HLTH6218 Palliative and end of life care for people with life-threatening and life-limiting illness level 7

Module Overview

This is an option module within the MSc Professional Practice in Health Sciences

Aims and Objectives

Module Aims

The aims of the module are: The provision of quality palliative and end of life care for people is a fundamental to human dignity and a humane compassionate society (NHS England, 2018). This module is relevant to practitioners of any discipline, working in any setting, with people (and those close to them) with palliative and end of life care needs. The module will develop your understanding of palliative care through critical reflection of clinical practice, patient and family experiences, policy, legal frameworks, research and theory.

Learning Outcomes

Learning Outcomes

Having successfully completed this module you will be able to:

  • Critically debate the principles of palliative care and their fitness of purpose in relation to your clinical context and practice
  • Critically analyse the impact of life-threatening and limiting illness on personhood and family health, and the implications for compassionate and sensitive care
  • Critically reflect on the inter-relationship between contemporary legal and ethical frameworks informing palliative and end of life care
  • Critically evaluate the adequacy of palliative and end of life care services, locally, nationally and globally, in relation to policy imperatives and research knowledge
  • Evaluate the implications of your learning in relation to your practice and your professional role


This module is underpinned by national and international research and theory.

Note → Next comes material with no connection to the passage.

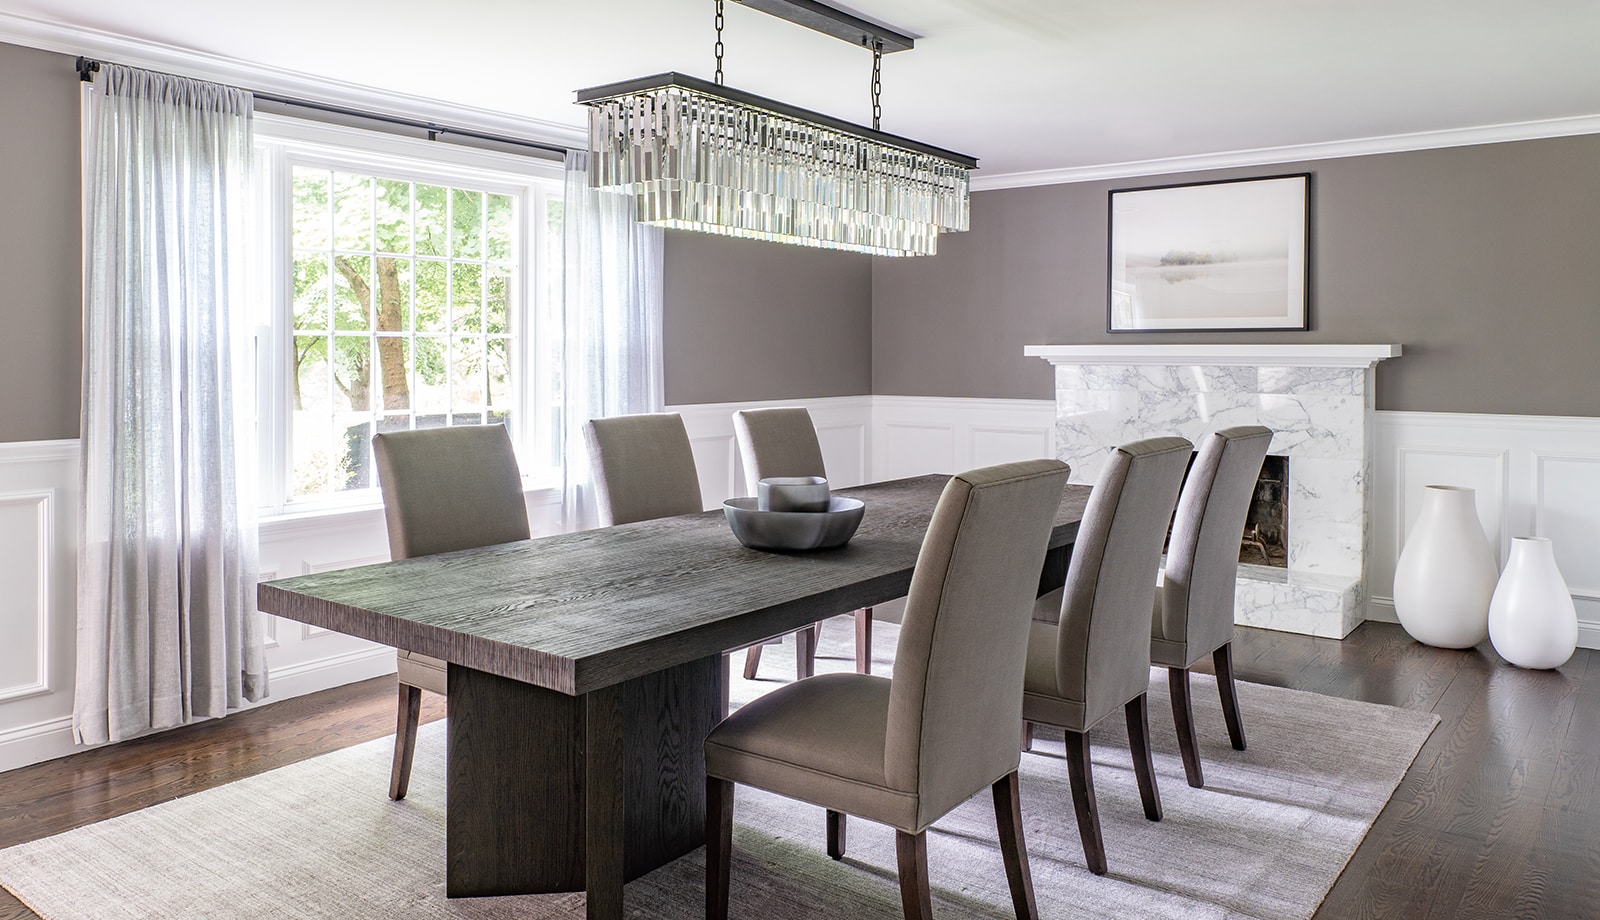 North Shore Tranquility Interiors Middleton MA Dining Room featured

Having successfully completed this programme you will be able to demonstrate knowledge and understanding of: • Grief and loss over the life span development – children, adults and older people – will include theories of loss, attachment and meaning etc. • Communication skills, including breaking bad news, appropriate challenging, dealing with anger, denial, collusion and interprofessional working. • Working with families / family theory. • Nature of malignant and non-malignant disease. • Holistic care in relation to pain and symptom assessment and management. • Key policies e.g. NHS England Ambitions for End of Life Care • Concepts of a ‘good death’ including multicultural aspects. • Dying trajectories. • Ethical decision-making at the end of life, including patient centred perspectives e.g. advanced directives. • Spiritual care e.g. concepts of spiritual health and ‘disease’. • Maintaining personal and professional boundaries. • After death care e.g. last offices, tissue donation, unified DNR form.

Special Features

The module is complementary to the post-registration module Care of People with Cancer. The module design also addresses key learning objectives for non-medical practitioners identified within the European Association of Palliative Care Curriculum

Learning and Teaching

Teaching and learning methods

The teaching and learning methods that will be used to help you achieve the knowledge and understanding outcomes of the programme will be designed to facilitate a contextual exploration of your clinical experience in relation to the integration of theory and research in order to provide quality care for people with palliative and end of life care needs. Learning methods in this module will include: Interpersonal learning - through group discussions (verbal) and through discussion of findings with peers. Team and Group learning – through group activities, problem solving, handling of information and by discussion. Individual learning - through reading, reviewing literature, homework and through formulation of posters and a written Critical Reflection Cognitive learning – development of critical reflection, critical analysis and synthesis of information based on a range of knowledge/evidence. Electronic learning - through literature searching and utilisation of databases to retrieve information. Self-Reflexive learning - in personal and group approaches, identifying an incident upon which to critically reflect and tutorial time. Creative learning - Using research/evidence/knowledge to make recommendations in a specific practice area demonstrated through the student’s written assignment. Inquiry based learning will be the foundation supporting your learning whereby through critical reflection of your practice you will identify the personal, cultural, professional, political and social drivers underpinning your practice.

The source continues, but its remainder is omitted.